Dans le sas de l'écluse elliptique de Gardouch, un long bâtiment sombre attendait que le niveau de l'eau descendît pour poursuivre son voyage vers Toulouse après avoir franchi la voûte arrondie du pont de pierre paré de briquettes rosées. La péniche d'un gabarit Freycinet, le ventre gonflé de ciments du Bas-Rhône, continuerait alors sa course en aval au rythme lent des eaux sombres du canal. En attendant, des ventaux, s'échappaient deux cascades bruyantes.


Après la révélation de Fernand, Gabriel et Germain avaient pris la moto et s'étaient mis à chercher une péniche bien particulière entre Ayguesvives et Montferrand. André, l'éclusier ami de Fernand, lui avait en effet expliqué qu'un jeune couple dont la fille était de Penens ou de Florac cherchaient à tout pris à embarquer vers Sète. Ils avaient proposé à tous les bateliers de travailler à bord contre un voyage vers la mer. Un aller, pas de retour...


Quand, à la Borde Perdue, Fernand avait raconté cette histoire, Gabriel avait sursauté :


— C'est elle, c'est sûr ! Elle a toujours rêvé de voir la mer !

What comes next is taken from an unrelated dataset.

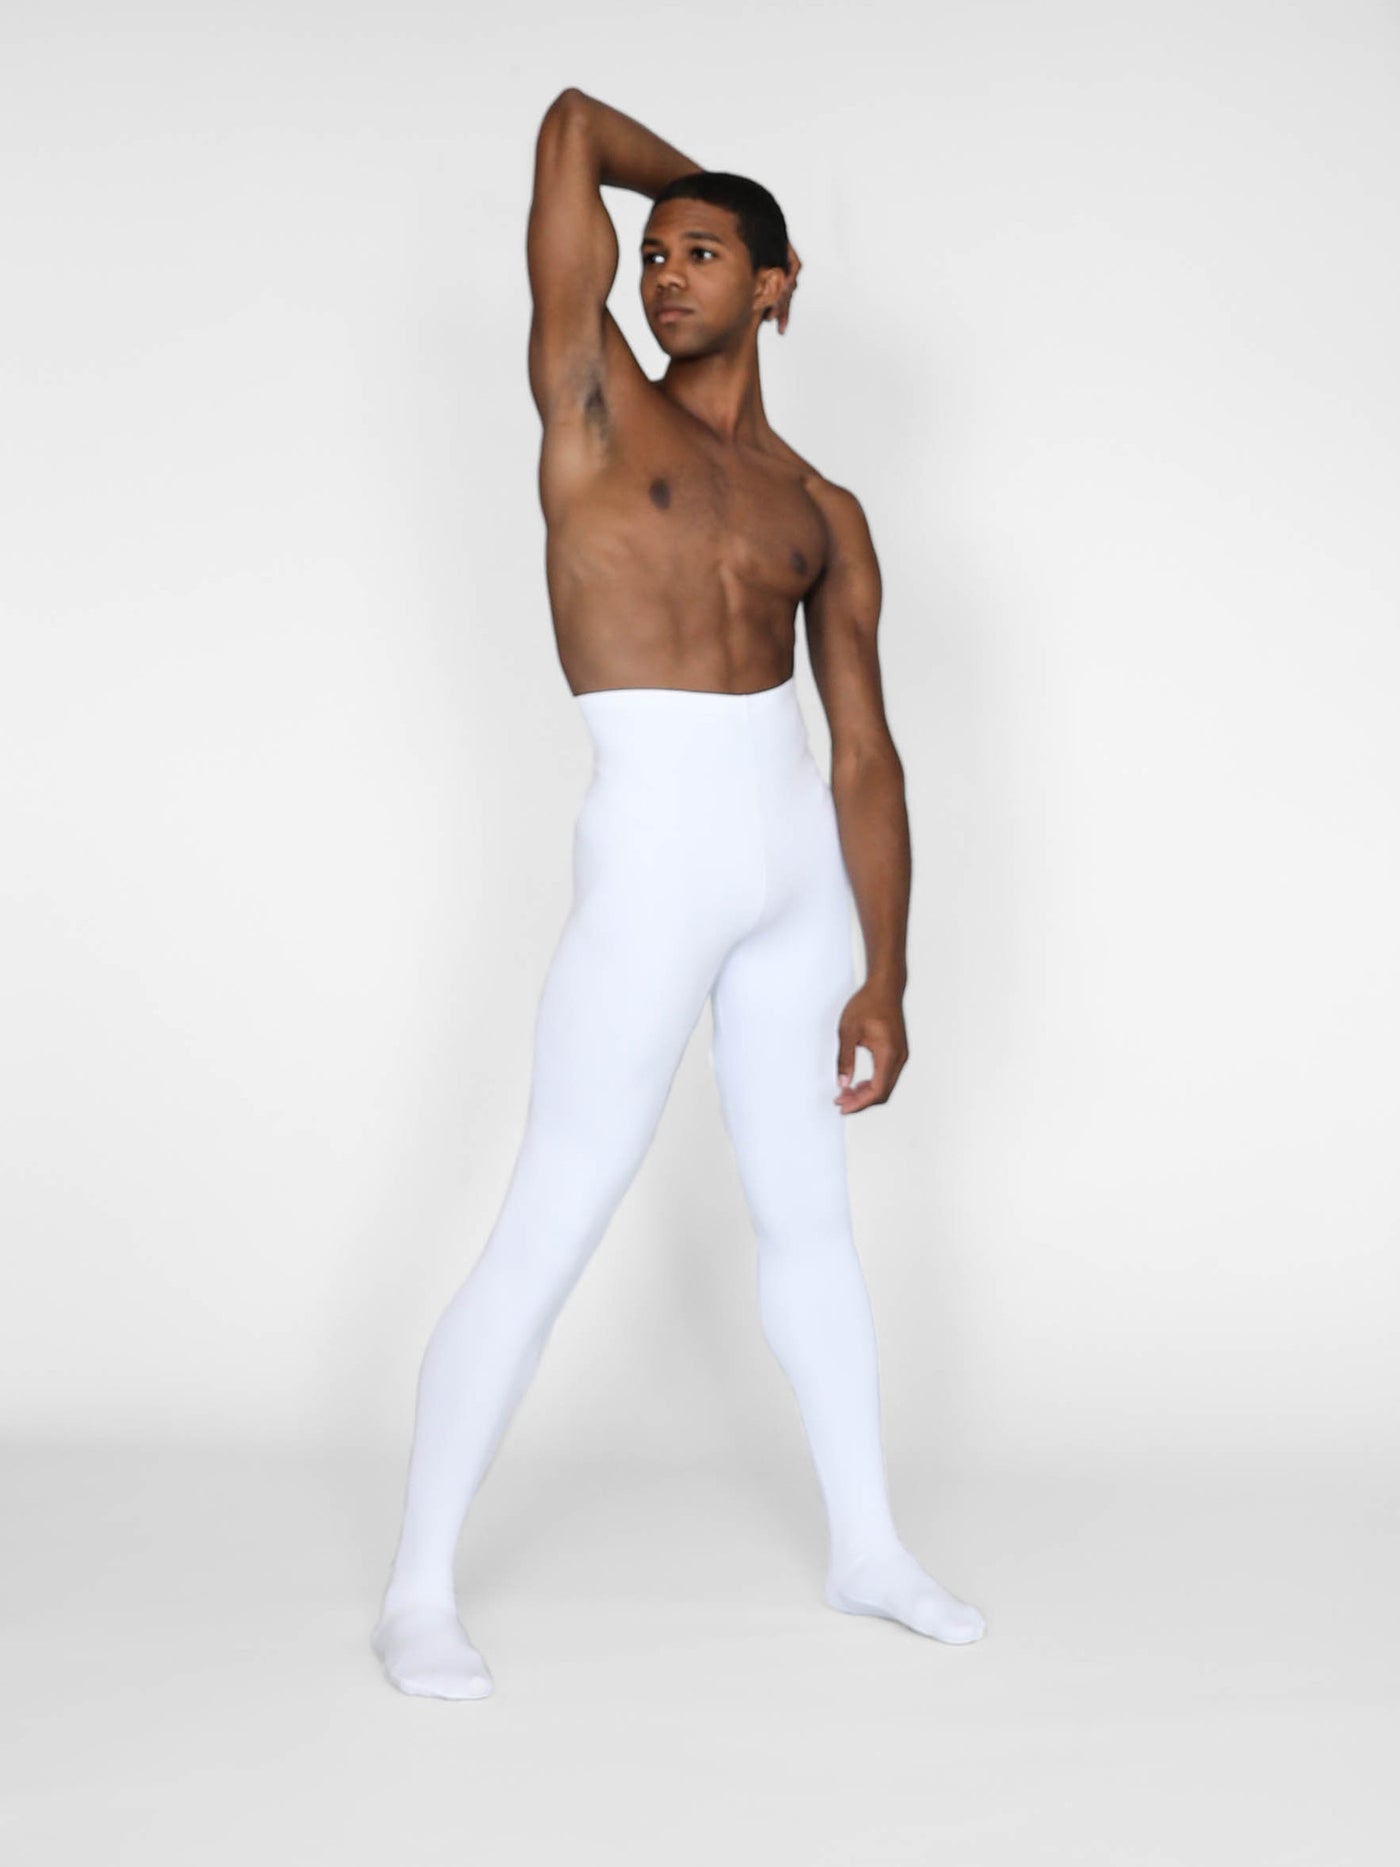 Opaque white dance tights for men by boysdancetoo the dance store for men

Hélène en avait entendu parler, en avait vu quelques photos mais au moment où elle était écolière durant la guerre, aucune sortie scolaire n'avait jamais été organisée. Elle ne savait pas très bien ce qu'était la mer mais avait toujours caressé l'espoir de la voir un jour.


— Un jour, nous irons ! avait toujours répondu Germain à sa fille mais avec les activités de la métairie, la difficulté à se déplacer et le peu d'argent dont il disposait, ce jour là n'était jamais advenu.


Aussi, ce couple qui voulait naviguer vers Sète, forcément...


Ils avaient eu du mal à trouver avait dit l'ami de Fernand. mais, à la faveur, de la défection de l'un de ses hommes et touché par les amoureux, un capitaine avait accepté le marché. Ils seraient logés, étroitement certes, nourris contre une aide aux matelots sur la péniche et au passage des écluses.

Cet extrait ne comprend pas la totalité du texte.